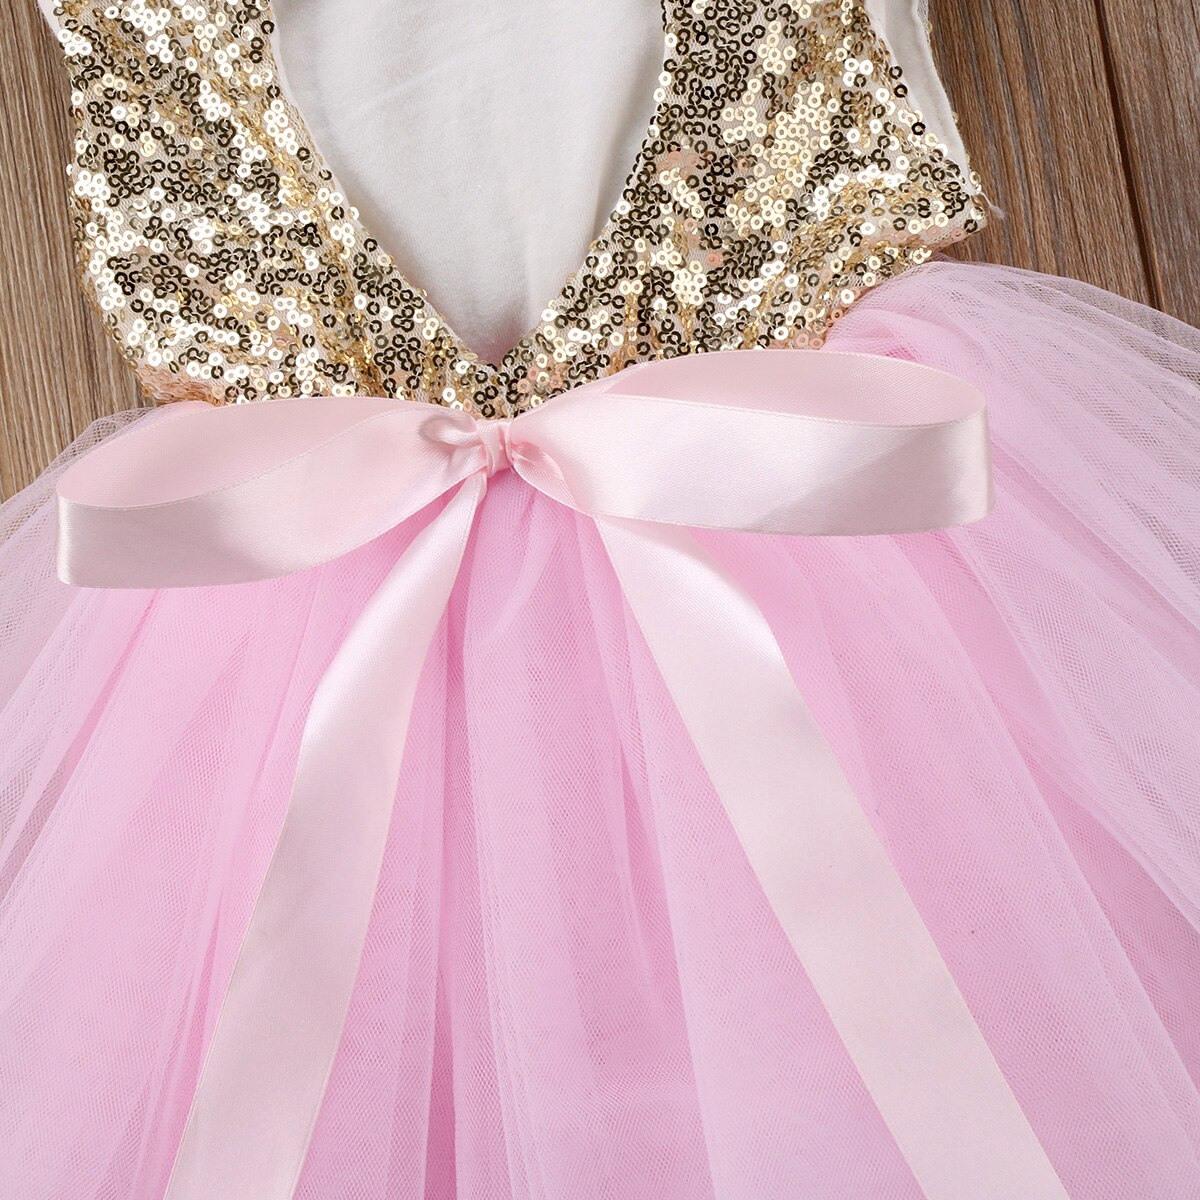 Prinzessin Kinder Baby Kleid Für Mädchen Phantasie
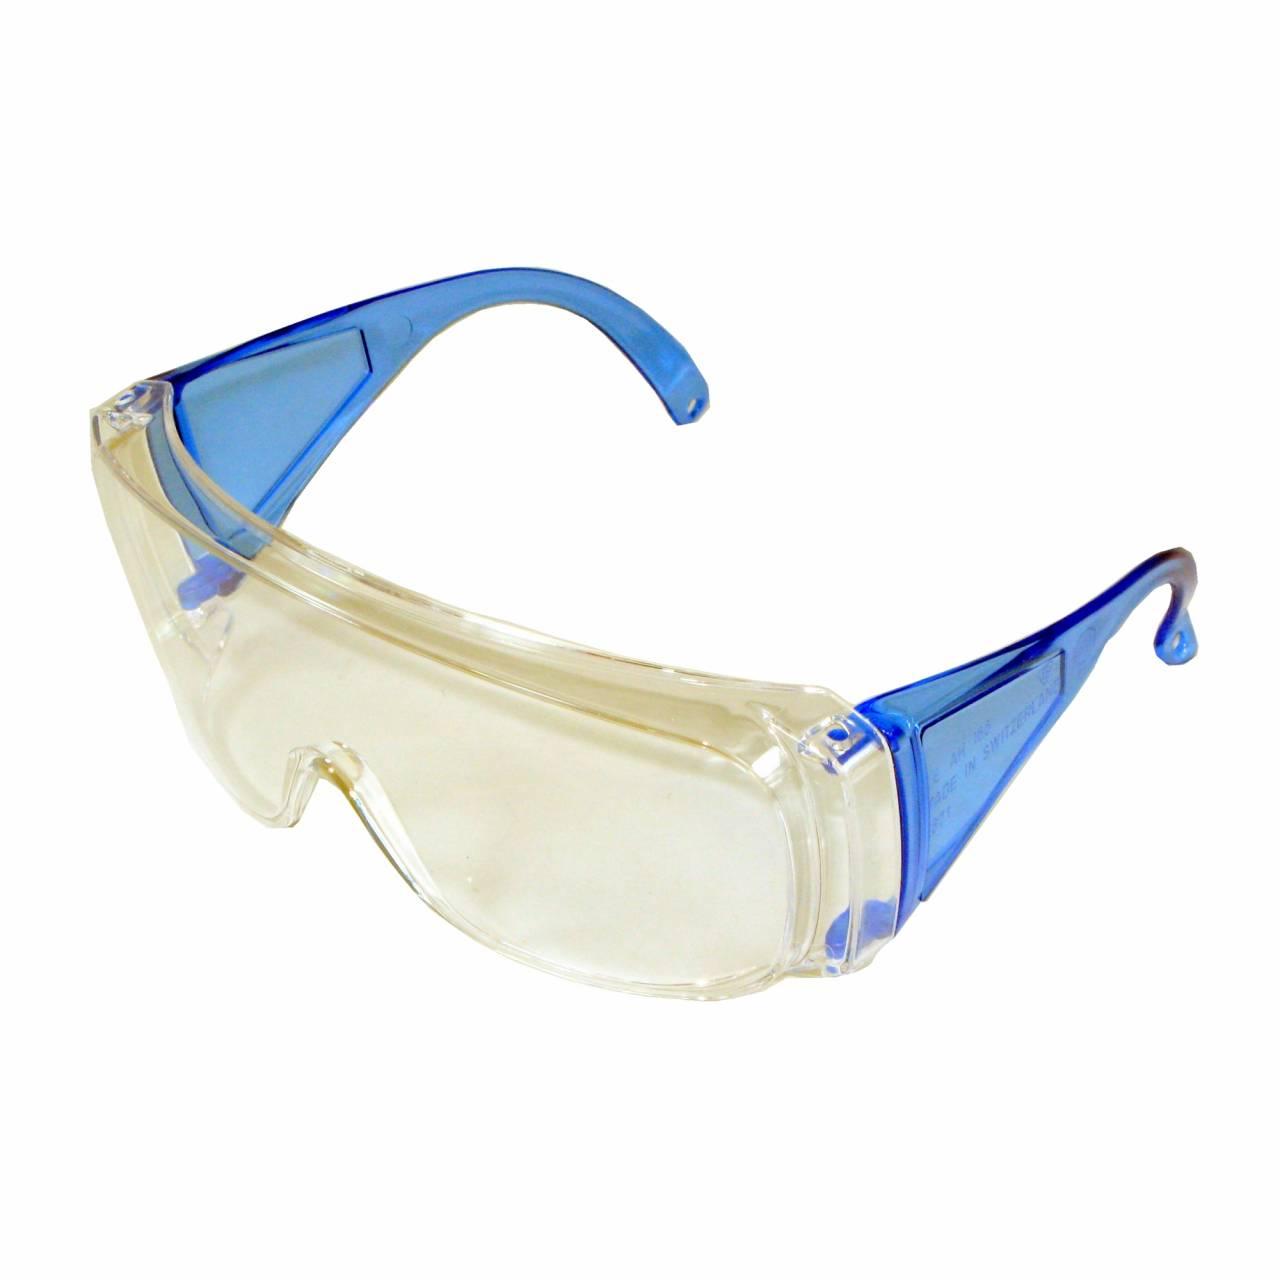 Schutz- und Überbrille 'Overspec Color'
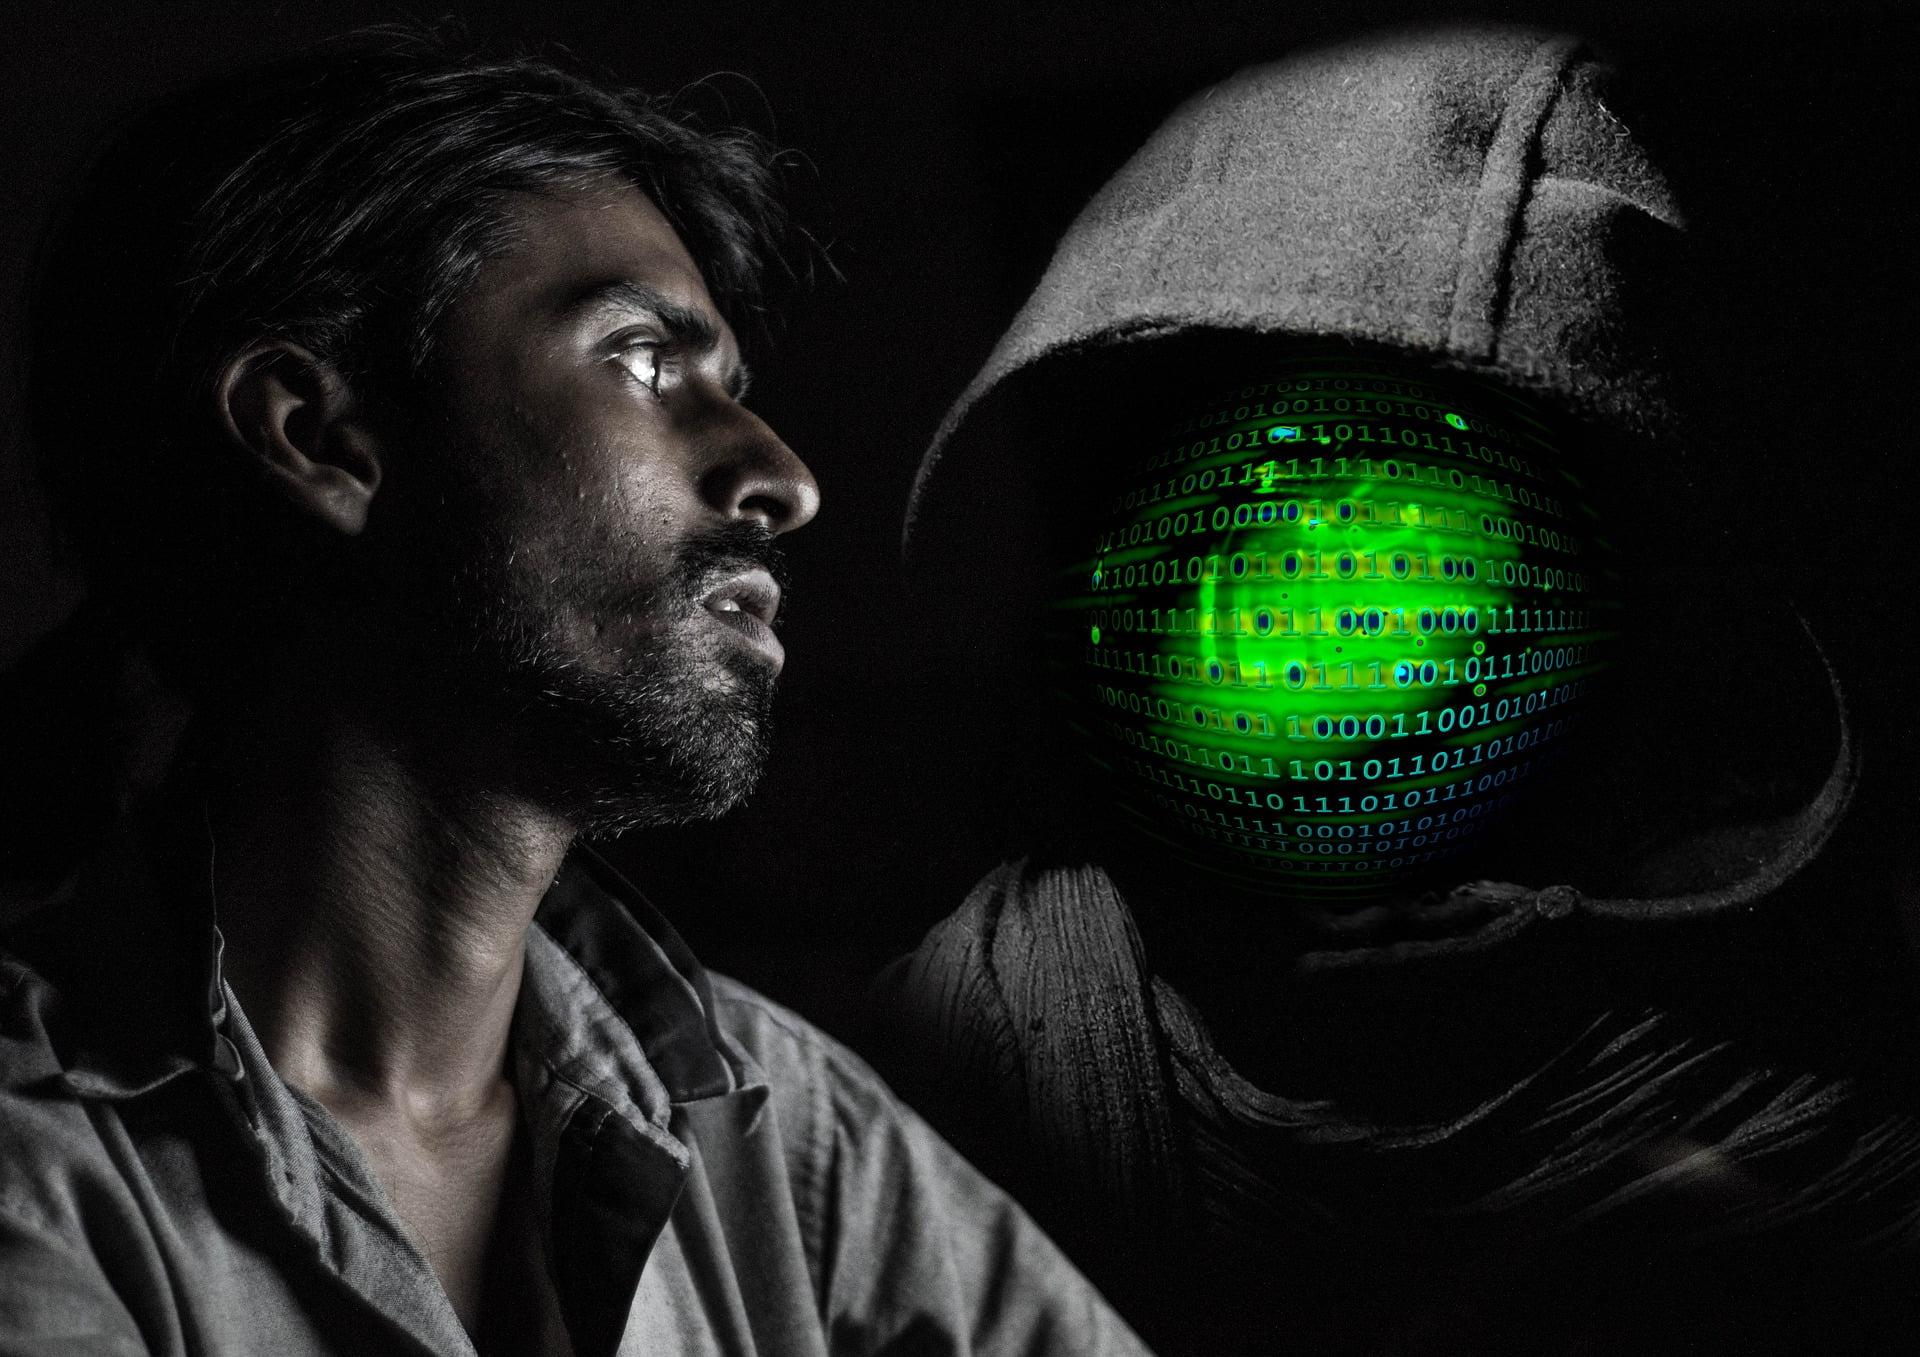 Ofiara bitcoin ransomware Mushtik zhakowała hakera

Work order ::
Locate the line containing "Schutz- und Überbrille 'Overspec Color'" in the material above, then repeat it and every later line exactly, with no pictures.

Task solution ::
 Schutz- und Überbrille 'Overspec Color'
 Ofiara bitcoin ransomware Mushtik zhakowała hakera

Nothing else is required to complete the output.